A portrait of Djuna Barnes taken by American photographer Berenice Abbott (1898-1991), whose best known works are her photographs of urban landscapes. Abbott shared an apartment with Djuna Barnes in Greenwich Village circa 1918 and dated Thelma Wood, one of Barnes's eventual lovers and the inspiration for Robin Vote in Nightwood.
A photograph of Barnes taken by accomplished eclectic artist Man Ray (1890-1976), a longtime admirer and friend of Barnes.
Barnes in Paris circa 1925. A member of the expatriate circle, she left the United States in 1920 and stayed abroad until 1940.
Barnes and Baroness Elsa von Freytag-Loringhoven (1874-1927), an artist associated with the Dada movement and often designated as the first New York Dadaist, at the beach circa 1926. She became one of Barnes's biggest supporters.
A picture taken by Berenice Abbott in the 1920s of Djuna Barnes's lover Thelma Wood (1901-1970). Barnes and Wood's relationship served as a primary source for Robin Vote and her many failed relationships in Nightwood.
Barnes's supporters and confidants Emily Holmes Coleman (top, 1899-1974) and Peggy Guggenheim (bottom, 1898-1979). Barnes often wrote to Coleman for suggestions on textual revisions and for personal advice. Guggenheim monetarily supported Barnes and her work until Barnes's death in 1982. In fact, much of Nightwood was written on an estate that Guggenheim provided for Barnes.

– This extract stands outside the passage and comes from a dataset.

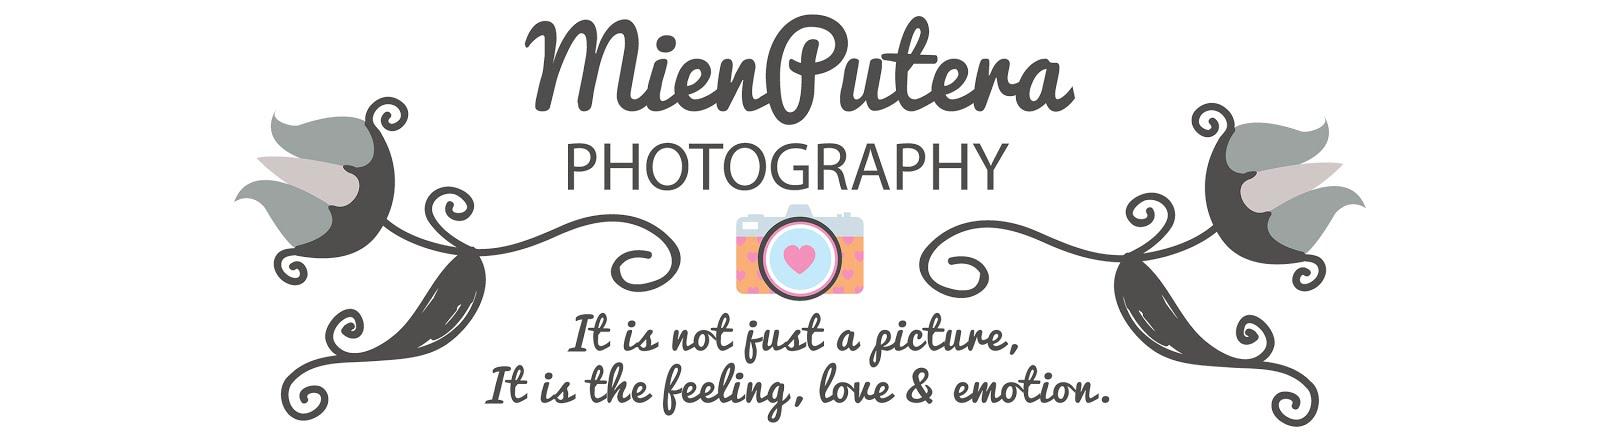 MIENPUTERA PHOTOGRAPHY

Photograph of Natalie Clifford Barney (1876-1972). Barnes had a brief affair with Barney, whose salon in Paris at the Hotel D' Angleterre--a residence of Barnes's in Paris--served as a thinly veiled source for many characters in Barnes's Ladies Alamanack.
T. S. Eliot (1888-1965) served as one of Barnes's greatest admirers and critics. He wrote the Introduction to Barnes's Modernist masterpiece Nightwood as well as the Introduction to her play The Antiphon.
A photo of Barnes being forced fed that appeared in World Magazine on September 6, 1914. The picture and the article that followed serve as examples of Barnes's sensational journalistic style. In addition to writing this article, she wrote articles on coming face-to-face with a gorilla and being rescued from the roof of a skyscraper.